The lowest level way is to send a ring response with a :body of type java.io.InputStream. An InputStream is designed to have data read from it, which makes putting data in require a bit of book keeping. However, ring provides ring.util.io/piped-input-stream which handles this book keeping and provides a OutputStream for your use. An OutputStream is designed to have input placed into it, and works with functions like clojure.core/spit. It is one of the lower level io abstractions in java, and works at the byte level.

However, many libraries will want something that understands more than bytes. For example, clojure.data.xml'sclojure.data.xml/emit and cheshire's chesire.core/generate-stream both expect a java.io.Writer. A Writer is able to work at the Character and String level. Clojure provides a function clojure.java.io/writer to convert an OutputStream into a Writer.

With piped-input-stream and writer we can start putting together a streaming response. Imagine we hava a function directory-list which will return a xml response, such as from clojure.data.xml/parse. We'd prefer not to have the entire parse structure and a string for the response in memory due to space and time constraint.

Attempt 1: Sending a large XML response

(require '[clojure.data.xml :as xml])
(require '[clojure.java.io :as io])
(require '[ring.util.io :as ring-io])

(defn directory-list []
  ;; A small xml for demonstration.  Imagine something much larger
  (xml/parse (java.io.StringReader.
              "<?xml version=\"1.0\" encoding=\"UTF-8\"?><foo><bar><baz>The baz value</baz></bar></foo>")))

(defn directory-stream []
  (ring-io/piped-input-stream
    #(xml/emit (directory-list)
               (io/make-writer % {})))))

This looks like it should work, but if we test it out at the repl we can see a problem.

(slurp (directory-stream))
;;=>  ""

When we try reading from the stream it is empty!

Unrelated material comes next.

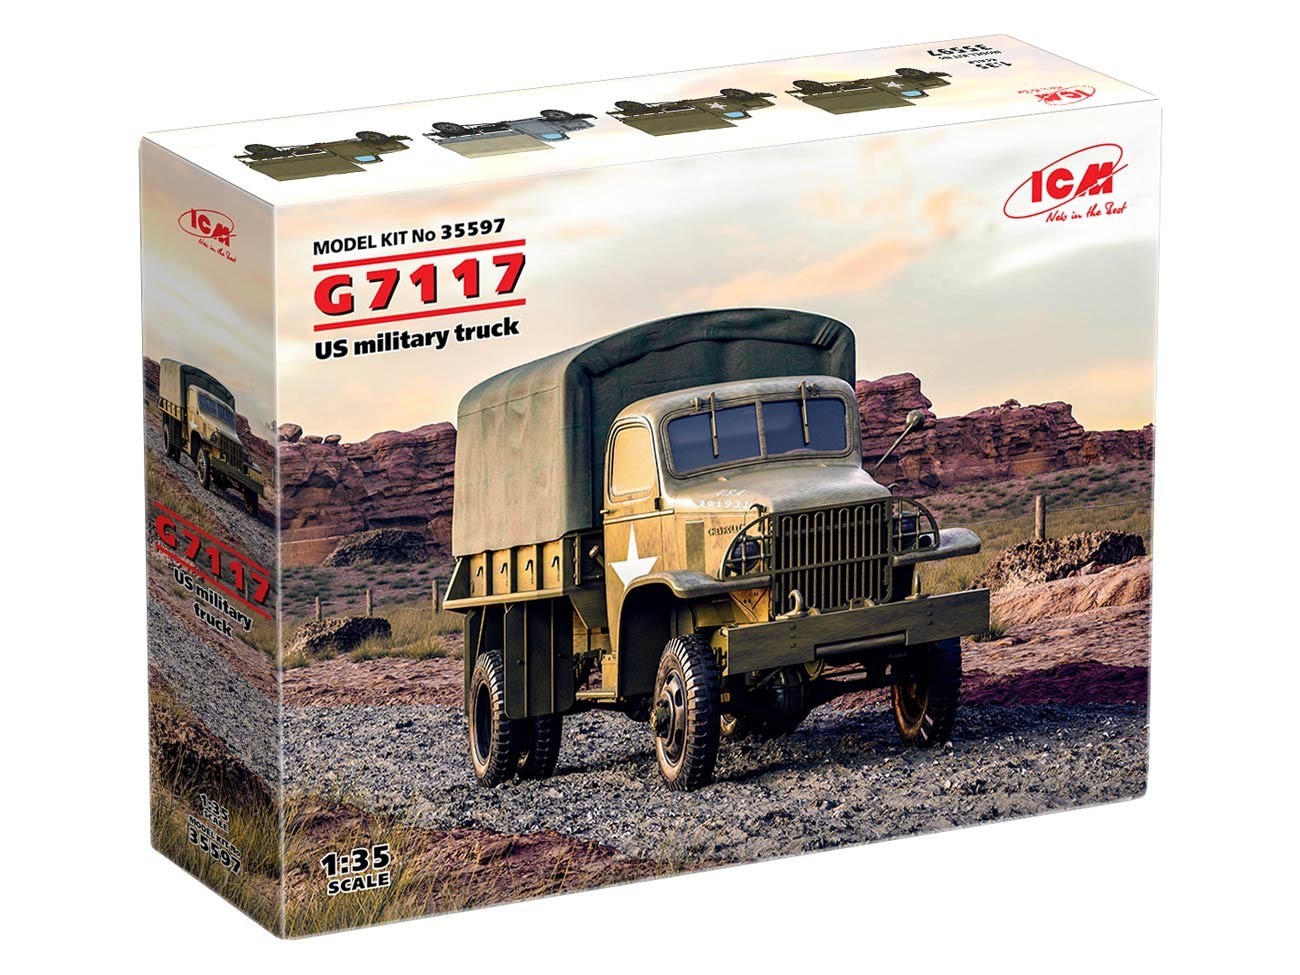 G7117, US military truck

This happens due to the intermediate Writer we have created. It will buffer data to make sure to send efficently. piped-input-stream will close the underlying OutputStream when it is done with it, but no one currently tells the Writer it should be done. So anything stored in its buffer gets lost. To fix this, we need to use java.io.Writer#flush after the emit.

(defn directory-stream []
  (ring-io/piped-input-stream
    #(let [writer (io/make-writer % {})]
       (xml/emit (directory-list))
           (.flush writer))))

Then when testing it at a repl, we can get the entire response.

(slurp (directory-stream))
;;=>  "<?xml version=\"1.0\" encoding=\"UTF-8\"?><foo><bar><baz>The baz value</baz></bar></foo>"

Complete XML streaming example

(ns z.core
  (:require [ring.adapter.jetty :as jetty]
            [clojure.data.xml :as xml]
            [clojure.java.io :as io]
            [ring.util.io :as ring-io]
            [ring.util.response :as response])
  (:import java.io.OutputStreamWriter
           java.io.BufferedWriter
           java.net.URL))

(defn data
  "Download a 5MB file and parse it"
  []
  (-> "http://www.cs.washington.edu/research/xmldatasets/data/tpc-h/orders.xml"
      URL.
      .openStream
      xml/parse))

(defn send-xml [request]
  (if (= (:uri request) "/stream")
    (response/response
     (ring-io/piped-input-stream
      #(->> (io/make-writer % {})
            (xml/emit (data))
            .flush)))
    (response/response
     (xml/emit-str (data)))))

(comment
  (def server (jetty/run-jetty #'send-xml {:port 8080 :join? false}))
  (.stop server))

If we start a server as mentioned in the comment and use curl to check it we can see http://localhost:8080/stream begins streaming "quickly", where as http://localhost:8080 waits until the entire response is generated.